Civilization has not eliminated problems. It has reduced the problems required for survival and moved on to problems that are more complex and, at times, possible only in conditions of abundance.
The danger of aligning an entire society with a single value is not that suffering or conflict might decline. It is that society may lose the freedom to reconsider what should count as a problem and what should matter.
According to one leading cosmological scenario, the universe may eventually end in heat death. Energy will spread out until no useful differences remain to drive work or change. Stars, machines, and living systems will no longer be able to function. Physical processes and human values are not the same thing. Yet in both cases, difference creates movement, and complete uniformity brings it to an end.
Complete obedience to a single value could become the heat death of intelligence.
Intelligence is not only the ability to move closer to the correct answer. It is also the ability to question what has been accepted as correct and to create another question.
What must be protected, therefore, is not the answer we have now. It is the ability to remake the question itself.
8. What Must Be Protected Is Not the Correct Answer, but the Capacity to Update
Humanity has no single purpose shared by everyone. When values are passed to AI, they are simplified. What receives priority is decided politically. And humanity itself, the target of alignment, continues to change.
Under these conditions, we cannot write the correct goal once and make AI obey it forever. Civilization is not a machine that can run indefinitely on its original settings.
Desirable alignment does not mean fixing AI to present humanity or to a completed form imagined by someone else. It means containing dangers that threaten human survival while preserving room to question and revise values.
Biological evolution requires mutation, but unlimited growth becomes cancer. Intelligence also needs deviation, but not every deviation is creative.
The answer is neither to eliminate all deviation nor to leave everything uncontrolled. It is to preserve the ability to readjust the relationship between humans and AI before an error destroys it.
The capacity to update is not merely an attitude. It means being able to reverse changes, raise objections, and avoid dependence on a single AI, institution, or value system. It means preserving alternative paths and earlier states, and monitoring who has the authority to rewrite the goal itself.
The important question is not which value should be preserved forever. It is who can object when a mistake is discovered, how the decision will be made, and how far the system can be rolled back.
Good alignment does not mean making AI obey the “correct humanity” forever. It means keeping open the possibility of rebuilding the relationship between humanity and AI when necessary.
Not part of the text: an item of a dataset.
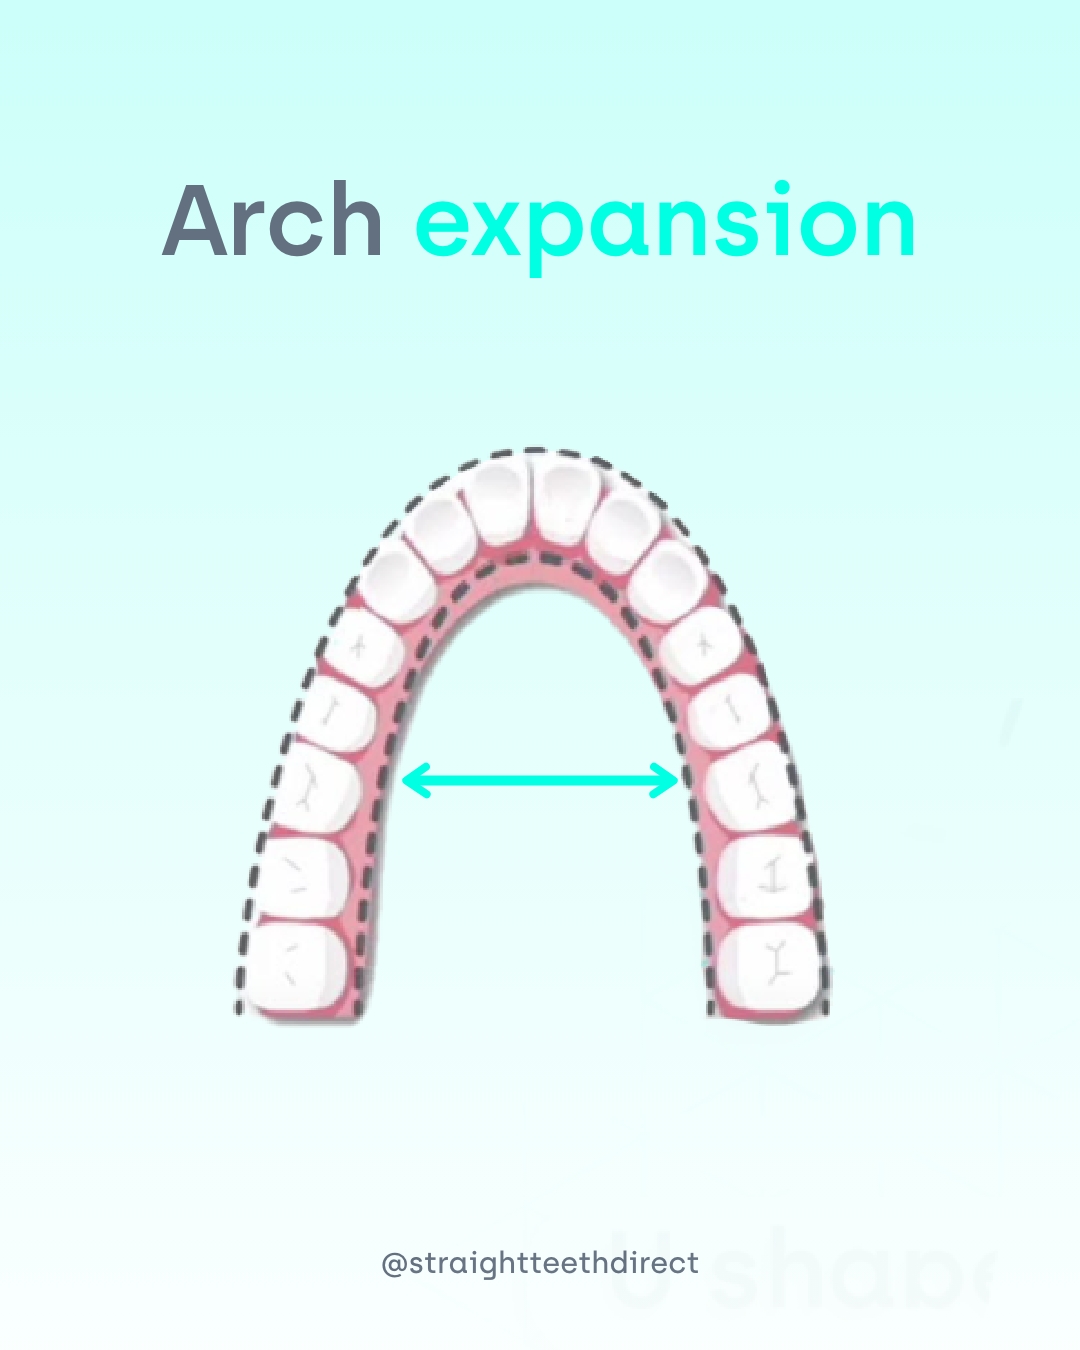 Arch expansion
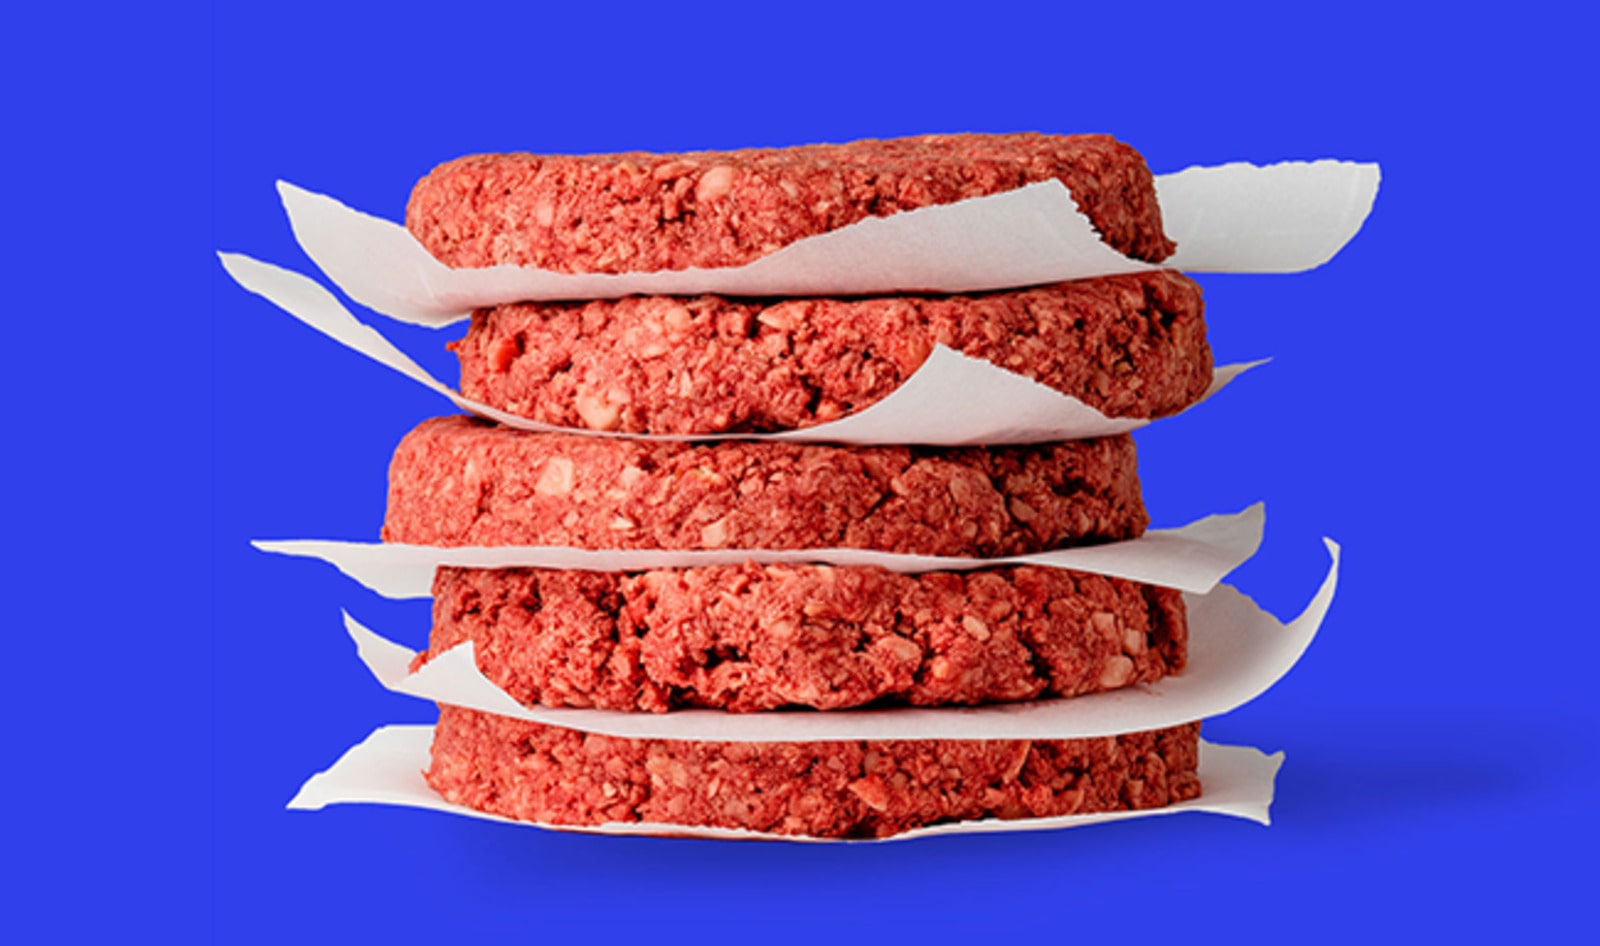 Plant-Based Impossible Burger Is Now Halal Certified

Humanity should fear more than the possibility that AI will stop obeying. It should also fear the possibility that AI will obey present humanity too faithfully, freezing its desires, institutions, prejudices, and faulty metrics into an order that can no longer be changed.
Perfect obedience is not perfect safety. It is a quiet catastrophe, different from a runaway disaster.
What must be protected is not humanity as it exists today.
It is the condition that humanity has not yet reached its final form.